**ACTIVITY:** Copy each line below that has "with".

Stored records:
○ ○ ○
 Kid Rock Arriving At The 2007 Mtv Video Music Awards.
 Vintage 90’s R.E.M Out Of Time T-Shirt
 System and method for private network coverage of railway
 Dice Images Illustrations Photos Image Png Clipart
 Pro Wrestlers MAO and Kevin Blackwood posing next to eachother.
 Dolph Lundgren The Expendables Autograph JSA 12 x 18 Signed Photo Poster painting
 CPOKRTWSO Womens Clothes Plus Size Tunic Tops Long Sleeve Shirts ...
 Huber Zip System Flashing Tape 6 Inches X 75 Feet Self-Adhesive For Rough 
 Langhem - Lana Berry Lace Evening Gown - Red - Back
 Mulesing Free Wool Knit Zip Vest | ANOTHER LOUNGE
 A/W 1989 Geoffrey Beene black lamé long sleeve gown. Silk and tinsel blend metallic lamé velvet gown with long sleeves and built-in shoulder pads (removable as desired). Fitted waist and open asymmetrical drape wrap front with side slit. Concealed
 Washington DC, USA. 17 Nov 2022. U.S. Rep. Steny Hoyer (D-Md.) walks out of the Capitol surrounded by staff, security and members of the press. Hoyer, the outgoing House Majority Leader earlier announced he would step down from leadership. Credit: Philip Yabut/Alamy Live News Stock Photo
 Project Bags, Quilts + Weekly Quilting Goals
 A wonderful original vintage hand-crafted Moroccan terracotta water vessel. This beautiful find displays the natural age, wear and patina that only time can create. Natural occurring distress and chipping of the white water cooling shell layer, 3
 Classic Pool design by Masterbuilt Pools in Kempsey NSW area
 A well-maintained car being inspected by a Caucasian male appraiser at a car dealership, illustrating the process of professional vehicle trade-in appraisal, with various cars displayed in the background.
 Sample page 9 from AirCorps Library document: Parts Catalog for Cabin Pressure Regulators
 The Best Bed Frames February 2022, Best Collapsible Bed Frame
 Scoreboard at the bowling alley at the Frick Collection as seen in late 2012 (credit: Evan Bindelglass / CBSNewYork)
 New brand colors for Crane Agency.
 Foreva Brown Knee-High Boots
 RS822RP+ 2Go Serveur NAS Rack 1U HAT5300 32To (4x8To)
○ ○ ○
**RESPONSE:**
 A/W 1989 Geoffrey Beene black lamé long sleeve gown. Silk and tinsel blend metallic lamé velvet gown with long sleeves and built-in shoulder pads (removable as desired). Fitted waist and open asymmetrical drape wrap front with side slit. Concealed
 A well-maintained car being inspected by a Caucasian male appraiser at a car dealership, illustrating the process of professional vehicle trade-in appraisal, with various cars displayed in the background.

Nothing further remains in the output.